P — Usted siempre ha creido en el amor...
JM — El amor puro, la hospitalidad amable, la confianza histórica, la familia honrada. Gran salvación. Las cuestiones políticas no alcanzan a hacer rudo el carácter afable de la tierra. No se puede ser mezquino, ni egoísta, ni brusco bajo un cielo tan hermoso. Se examina al extranjero, se le pregunta, se le duda tal vez, pero no se le odia.
Si es hombre de salón, no tardará en llevar del brazo a una mujer bella y afable; si es hombre de labor, no tardará en haber tierra de lujosísimos productos; todo es nuevo, todo es explotable. Al hombre trabajador, al inteligente, al bueno, la tierra le brinda vida, antes que él, menesteroso, de ella la demande. ¡Mi tierra americana, tan maltratada y tan hermosa! ¡Tan desconocida, tan amable, tan buena!
P — UD no deja de escribir, de pensar, aprender como un niño con cuadernos nuevos. ¿Qué significan los libros para José Martí?
JM — Saber leer es saber andar. Saber escribir es saber, ascender.

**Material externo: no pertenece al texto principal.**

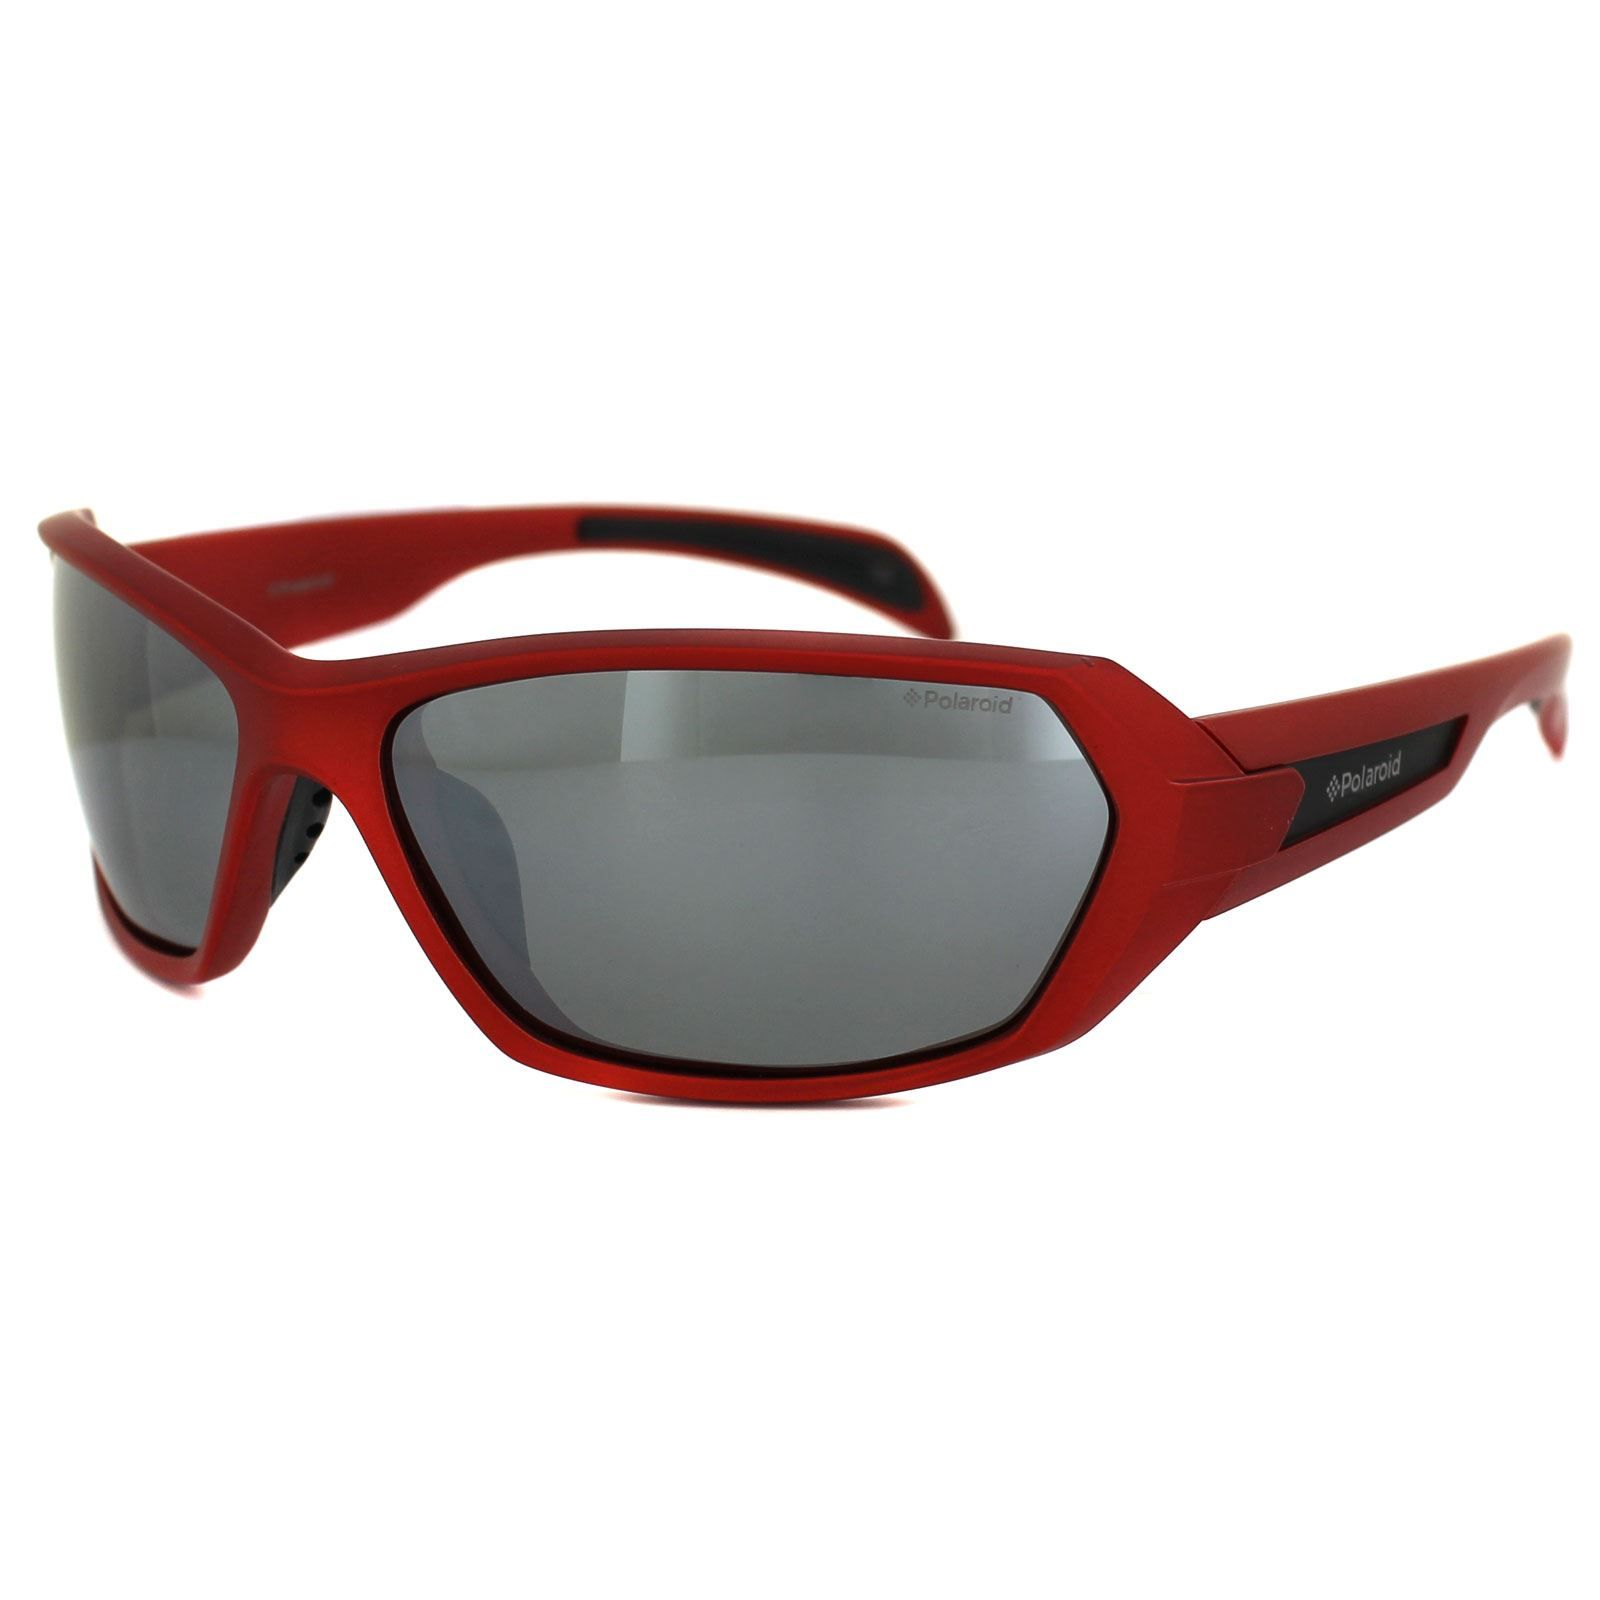 Polaroid Sport Sunglasses P7312 33W JB Shiny Red Grey Silver Mirror Polarized

Pies, brazos, alas, todo esto ponen al hombre esos primeros humildísimos libros de la escuela. Siémbrense química y agricultura, y se cosecharán grandeza y riqueza. Una escuela es una fragua de espíritu; ¡ay de los pueblos sin escuela!, ¡ay de los espíritus sin temple. Cada libro nuevo, es piedra nueva en el altar de nuestra raza.
P — ¿Una apreciación final sobre América?

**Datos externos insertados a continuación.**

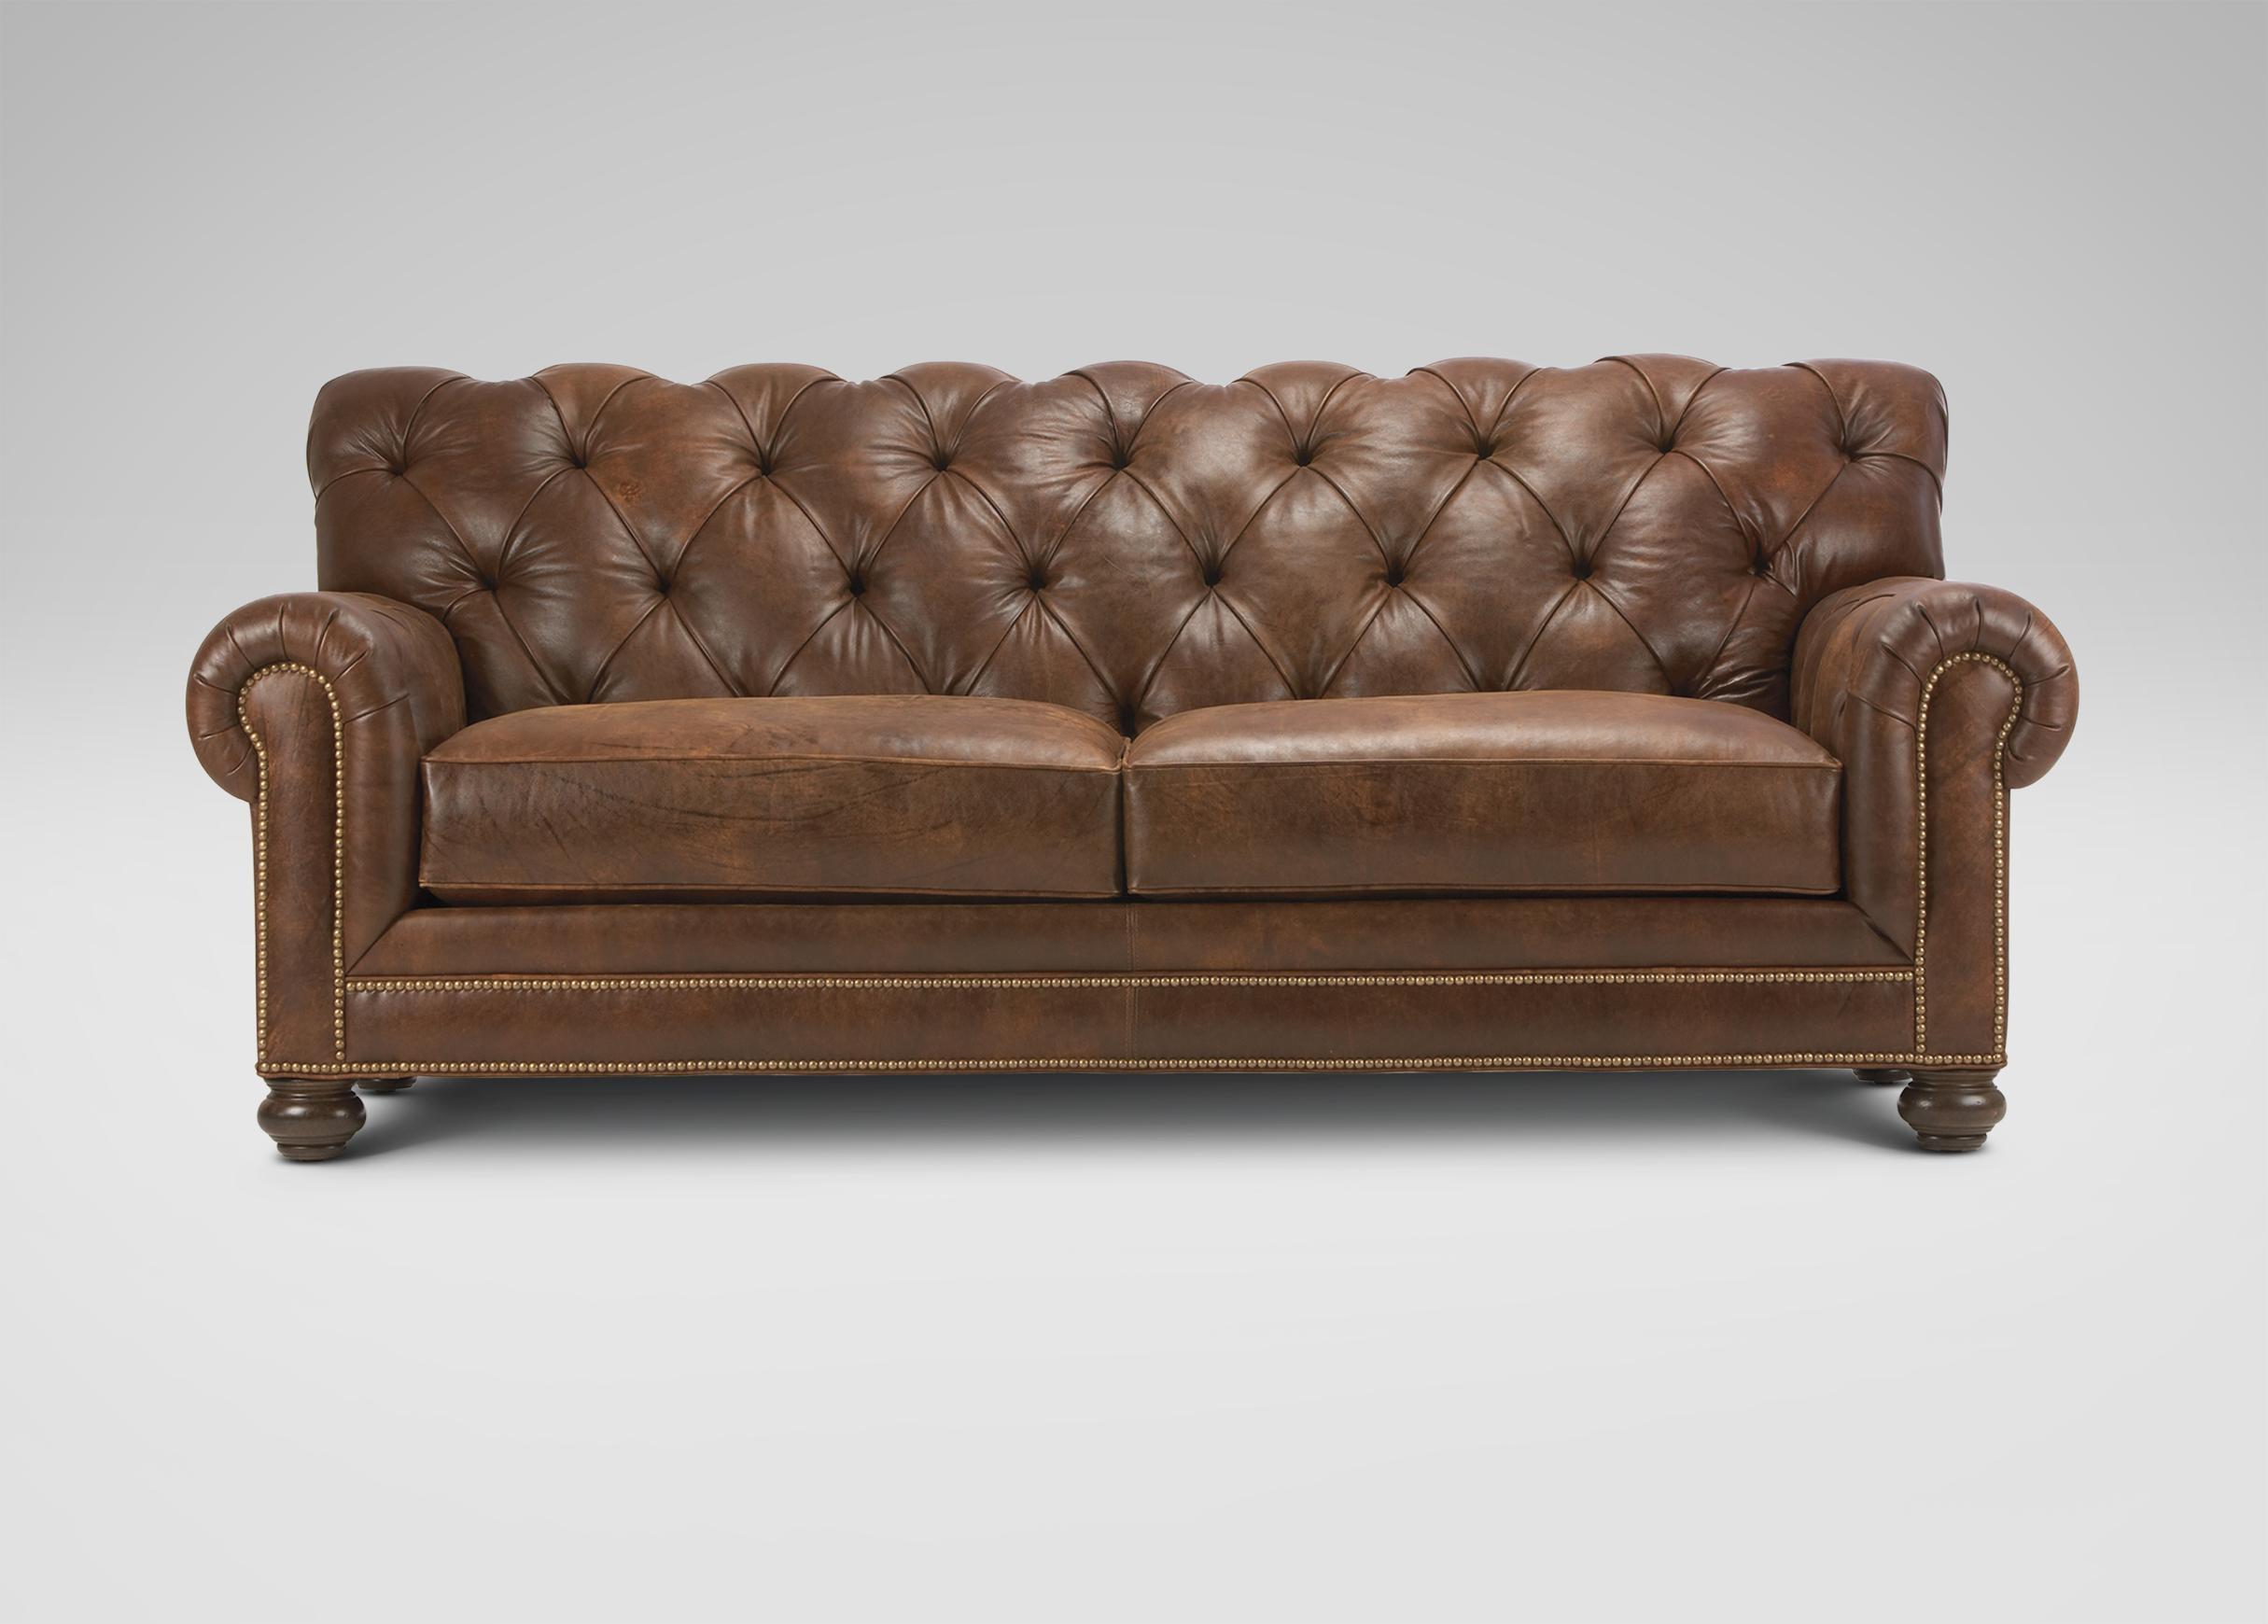 Chadwick Leather Sofa | Sofas & Loveseats Regarding Leather Sofas (Image 5 of 21)

JM — Tenemos más elementos naturales, en estas nuestras tierras desde donde corre el Bravo fiero hasta donde acaba el digno Chile, que en tierra alguna del Universo; pero tenernos menos elementos civilizadores, porque somos mucho más jóvenes en historia, no contamos seculares precedentes y hemos sido, nosotros los latinoamericanos, menos afortunados en educación que pueblo alguno; tristes memorias históricas -secretos de muchas desdichas- que no es el caso traer a la luz...
P — ¿Y de Europa?
JM — Europa busca los productos de nuestro suelo, que dan brillo a sus plazas numerosas.
P — ¿Vd. ha escrito en más de una oportunidad que ama la polémica y la tribuna?

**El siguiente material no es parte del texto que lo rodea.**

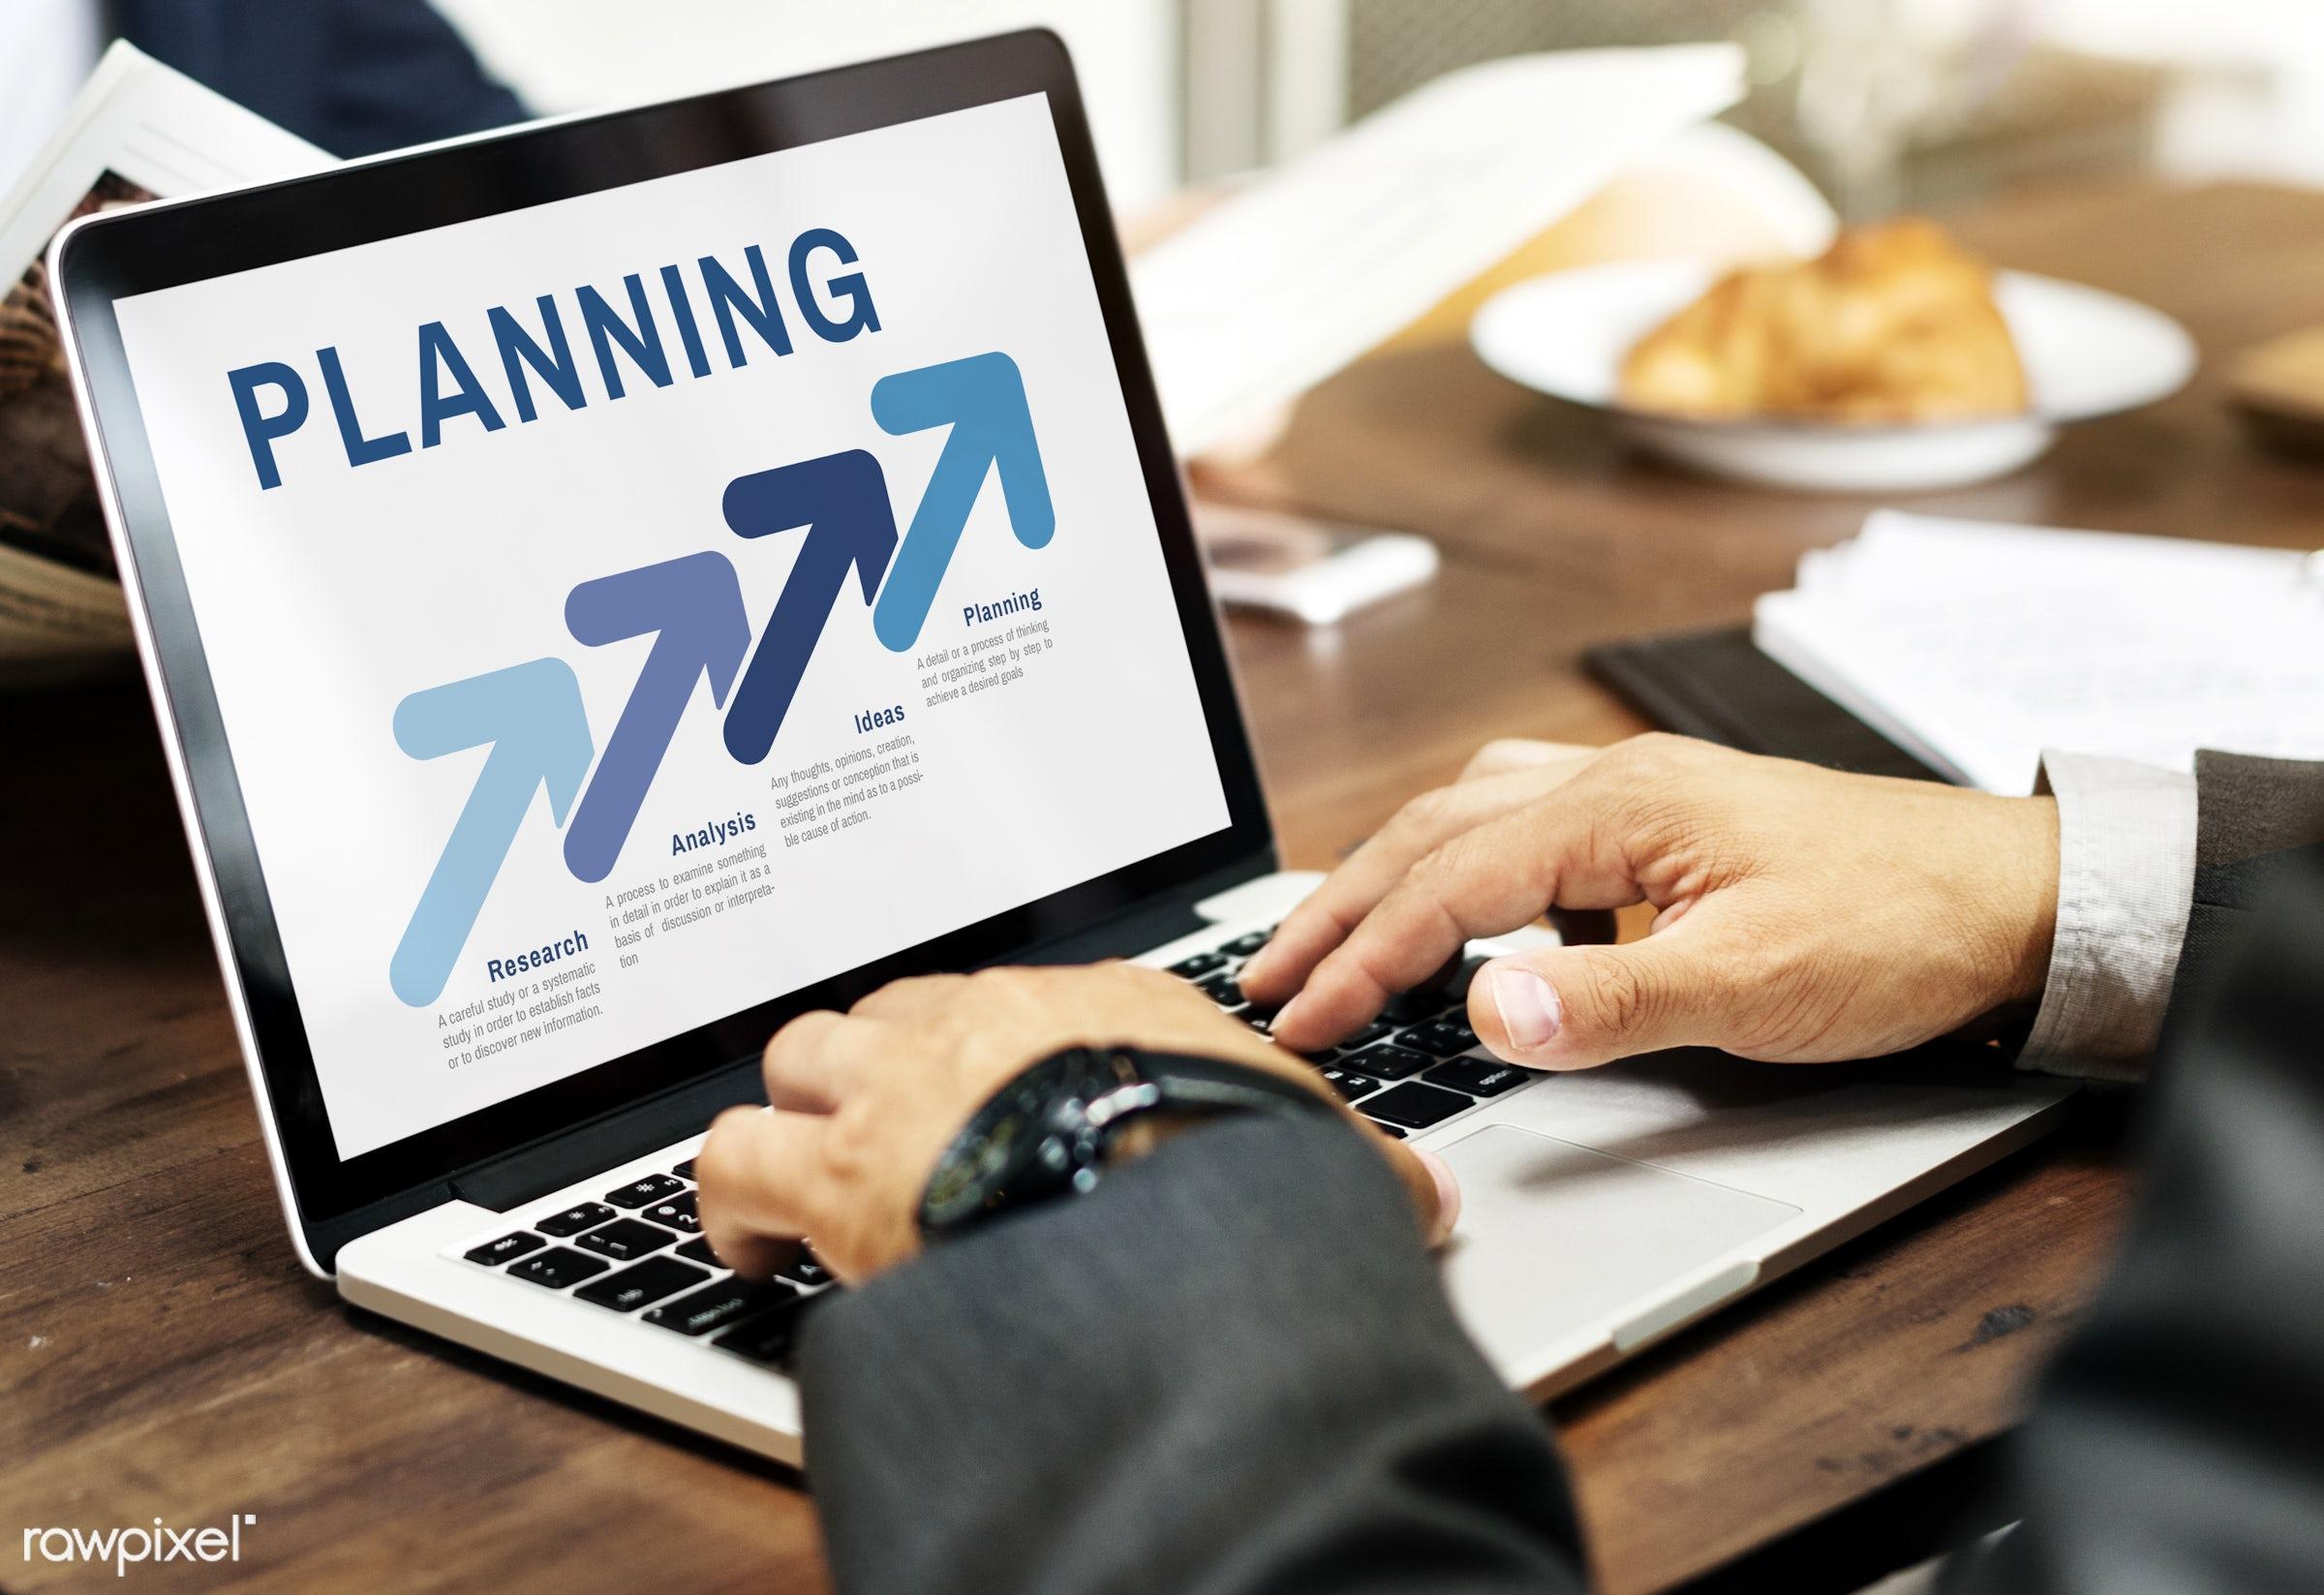 aim, analysing, analysis, arrow up, branding, browse, business, businessman, cafe, corporate, device, digital device,...

JM — Amo la tribuna, la amo ardientemente, no como expresión presuntuosa de una locuacidad inútil, sino como una especie de apostolado, tenaz, humilde y amoroso, donde la cantidad de canas que coronan la cabeza no es la medida de la cantidad de amor que mueve el corazón (...) Estoy orgulloso, ciertamente, de mi amor a los hombres, de mi apasionado afecto a todas estas tierras, preparadas a común destino por iguales y cruentos dolores.
P — Sé que no le gustan las lisonjas, en más de oportunidad ha afirmado que toda la gloria del mundo cabe en un grano de maíz. UD que ha dicho que ve al periodista como un soldado ¿qué opina de la prensa?
JM — La prensa no puede ser, en estos tiempos de creación, mero vehículo de noticias, ni mera sierva de intereses, ni mero desahogo de la exuberante y hojosa imaginación. La prensa es Vinci y Angelo, creadora del nuevo templo magno e invisible, del que es el hombre puro y trabajador el bravo sacerdote. Aquí hierven, junto con los modernos problemas humanos, los problemas concretos de América, y ambiciones que alarman y grandezas reales que deslumbran.